*** Opening Given records ***

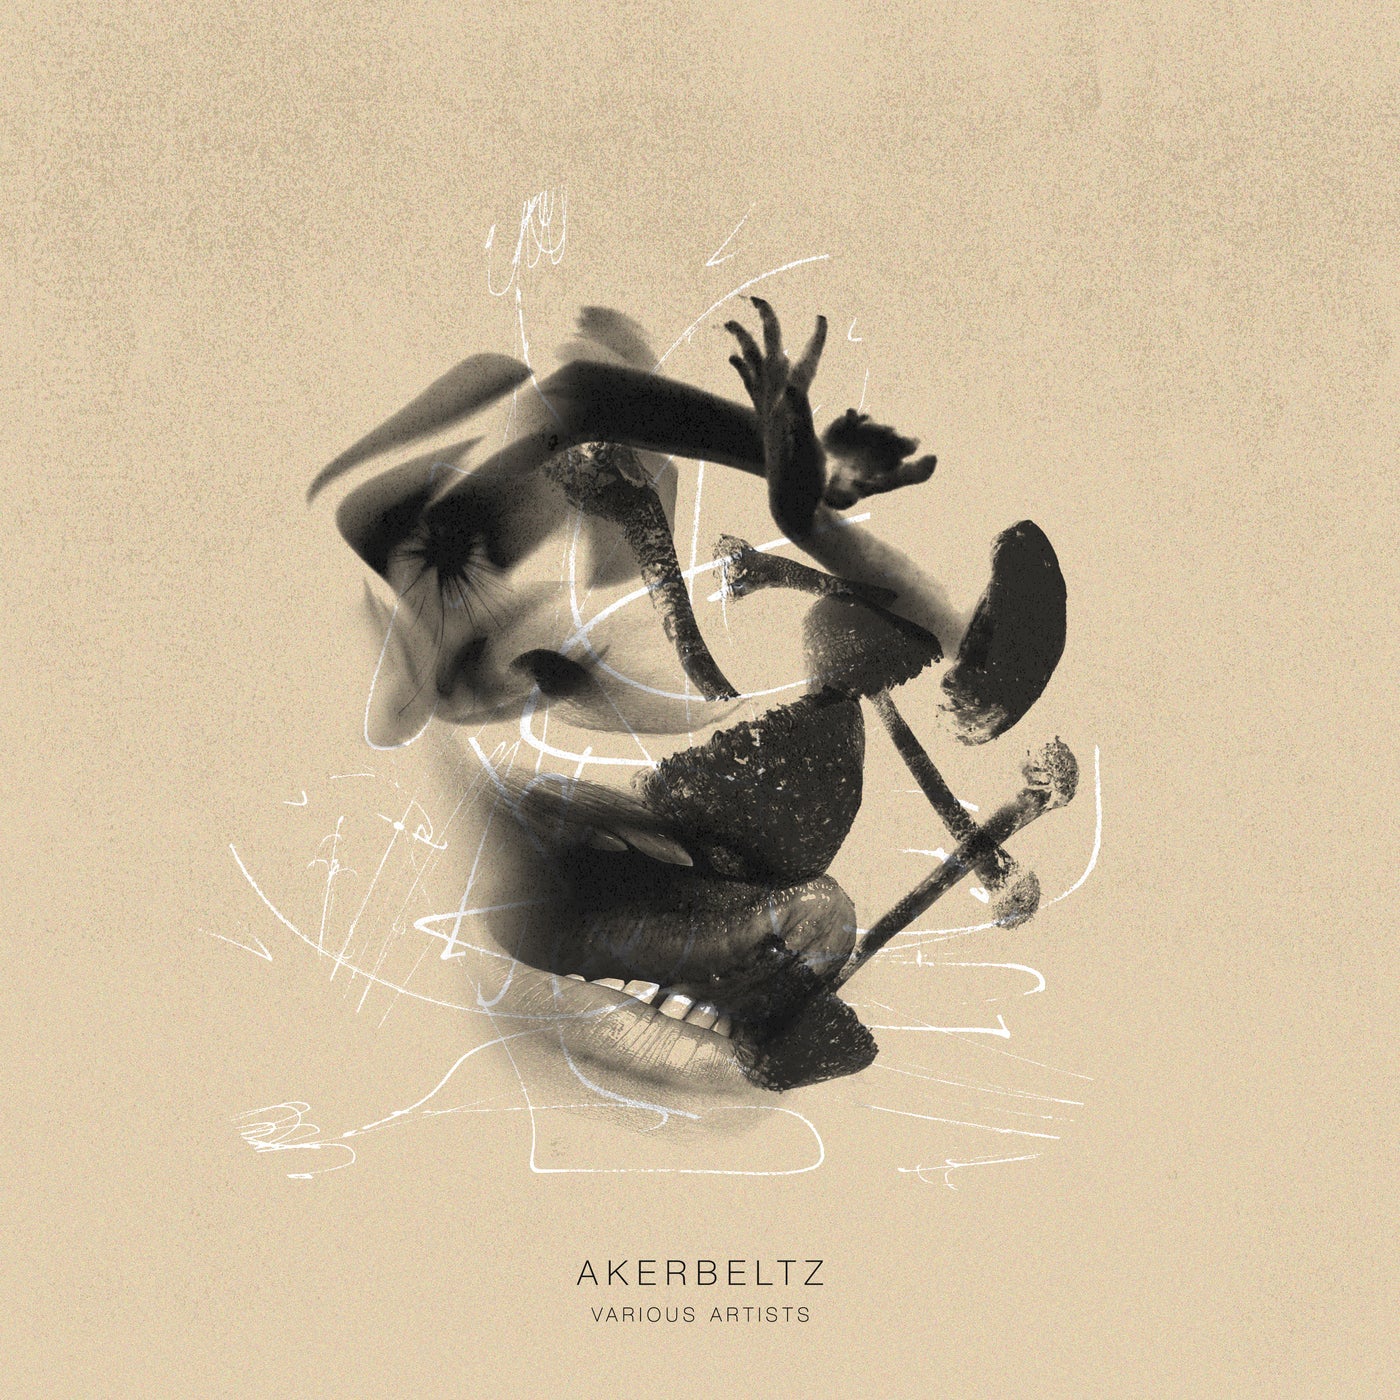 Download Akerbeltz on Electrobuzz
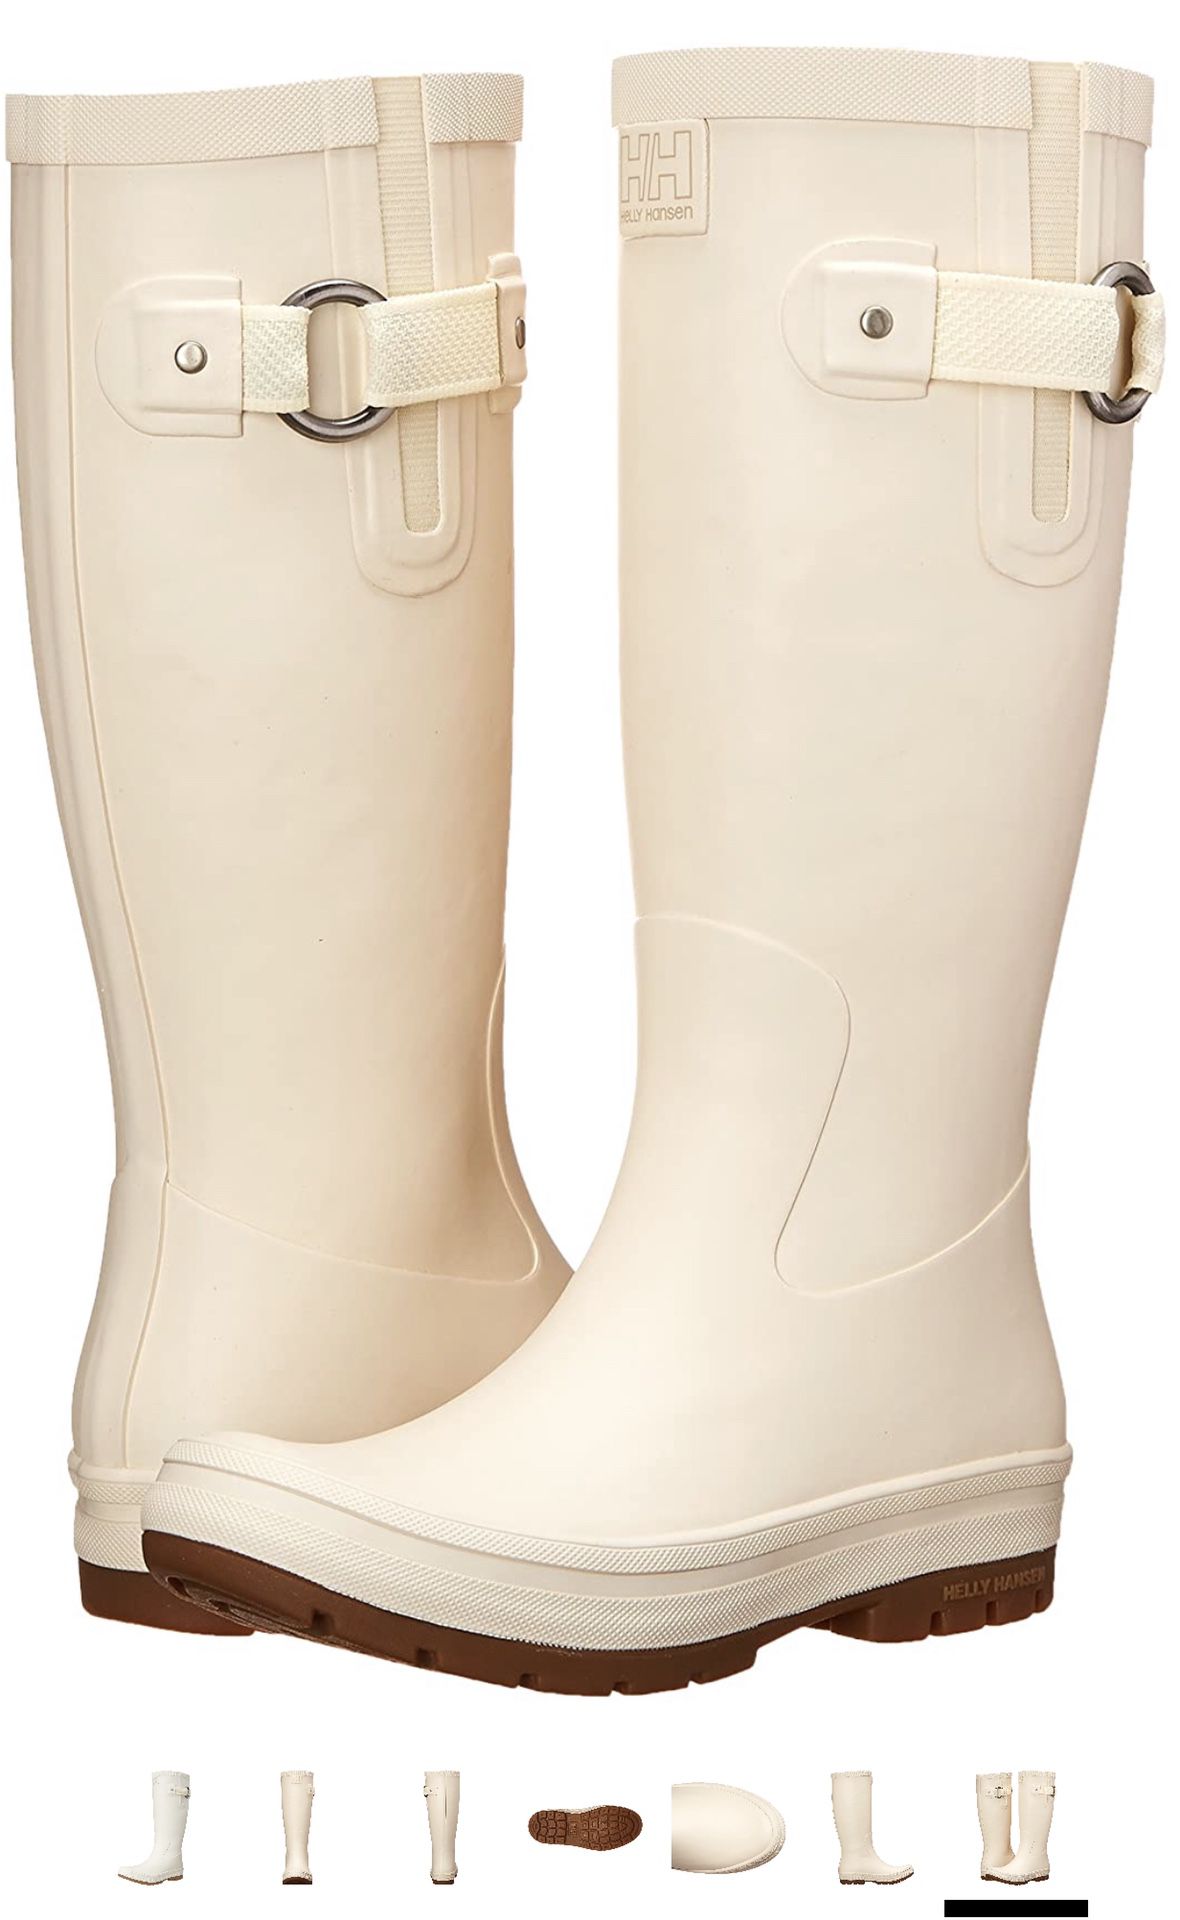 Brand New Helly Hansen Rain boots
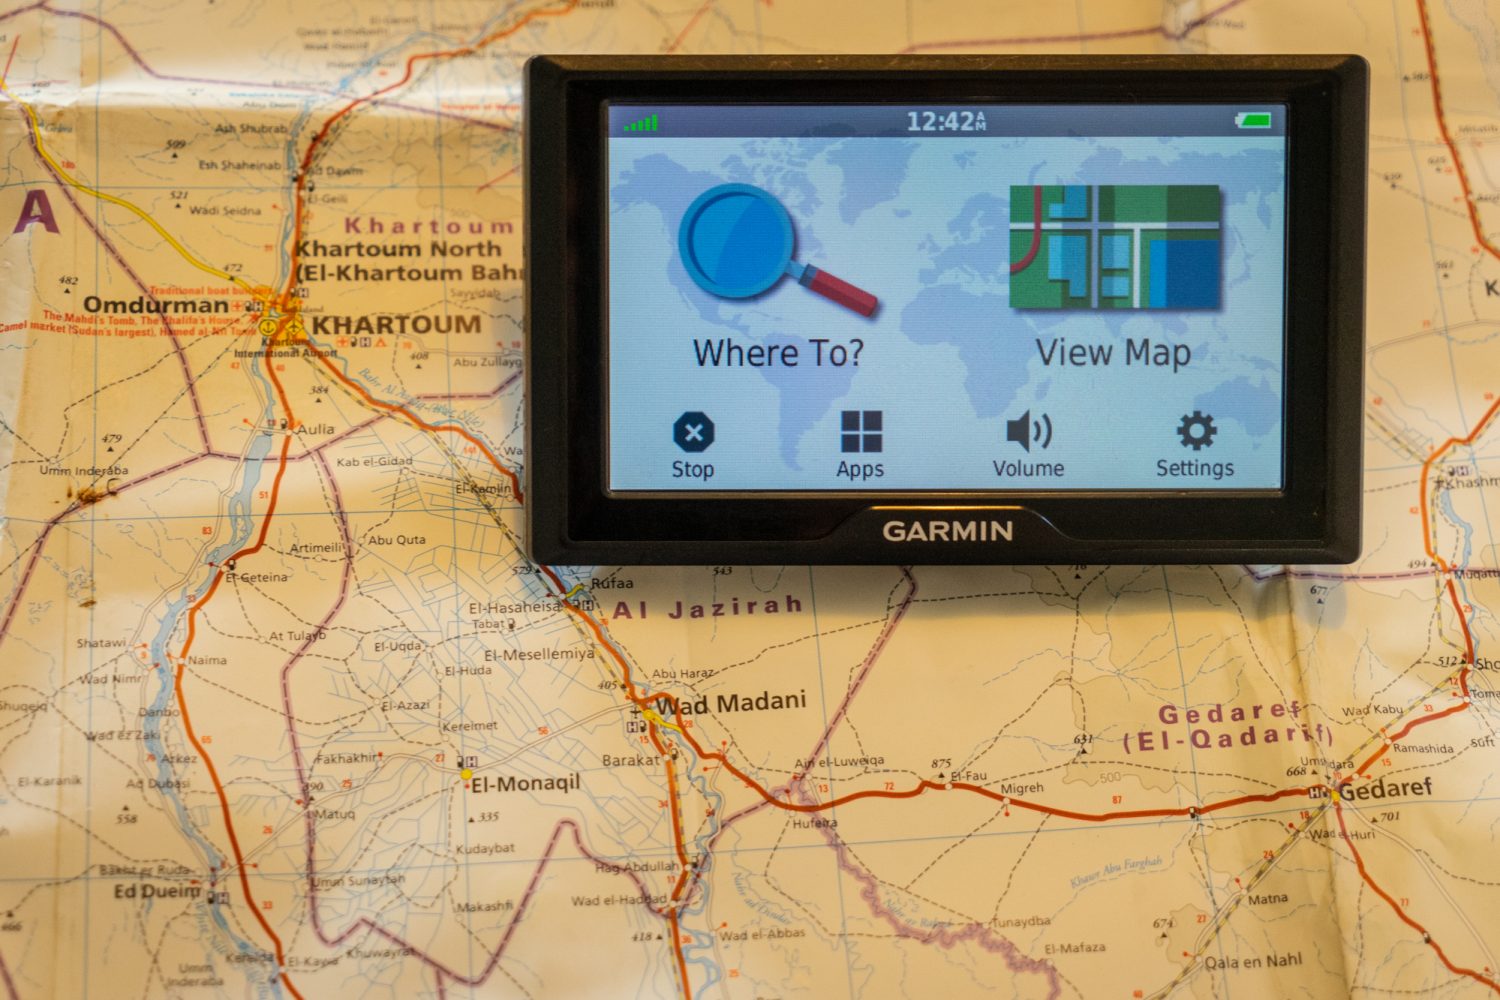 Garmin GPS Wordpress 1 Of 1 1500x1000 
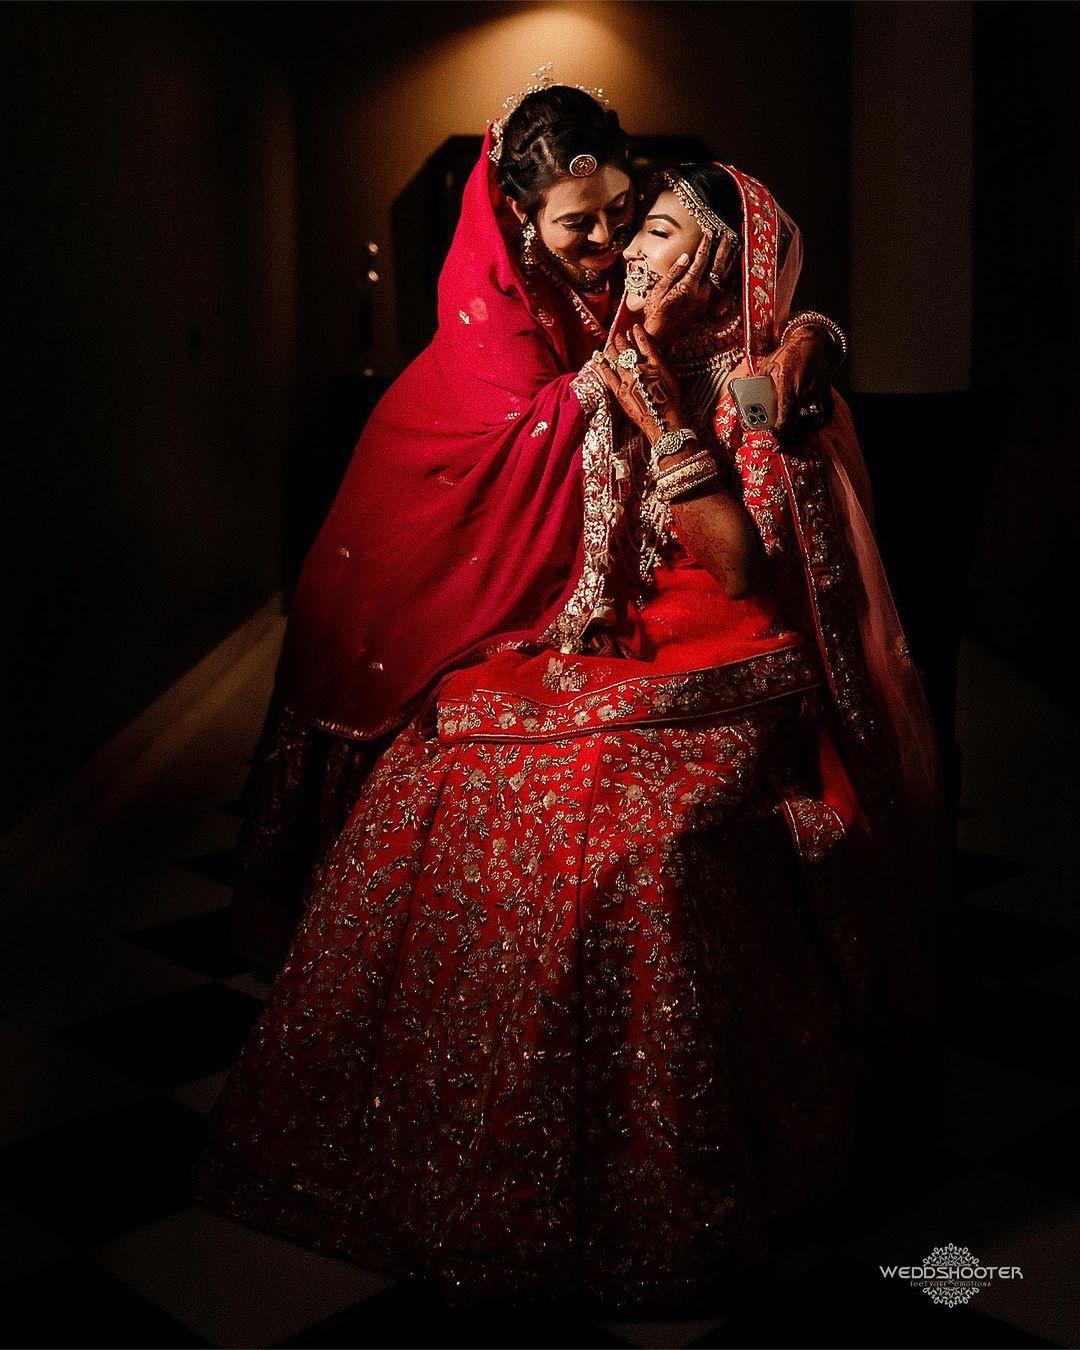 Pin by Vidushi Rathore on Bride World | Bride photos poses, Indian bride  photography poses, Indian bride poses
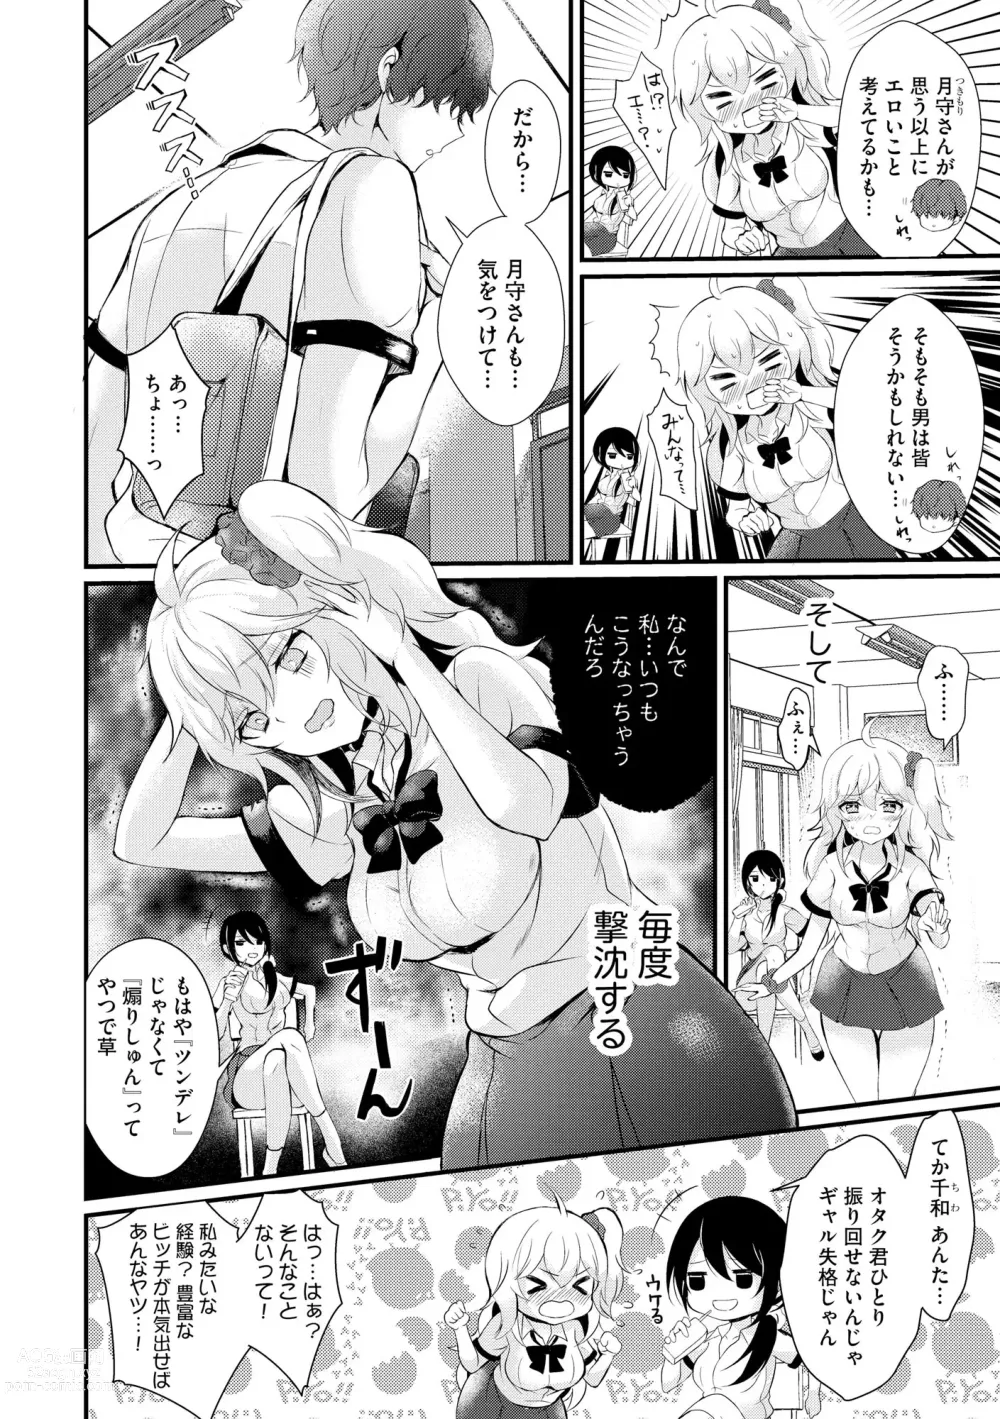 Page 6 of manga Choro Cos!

*** Closing Given records ***

Exercise aim
Please make an exact copy of the whole listing and leave out its pictures.

Solved exercise
 Download Akerbeltz on Electrobuzz
 Brand New Helly Hansen Rain boots
 Garmin GPS Wordpress 1 Of 1 1500x1000 
 Pin by Vidushi Rathore on Bride World | Bride photos poses, Indian bride  photography poses, Indian bride poses
 Page 6 of manga Choro Cos!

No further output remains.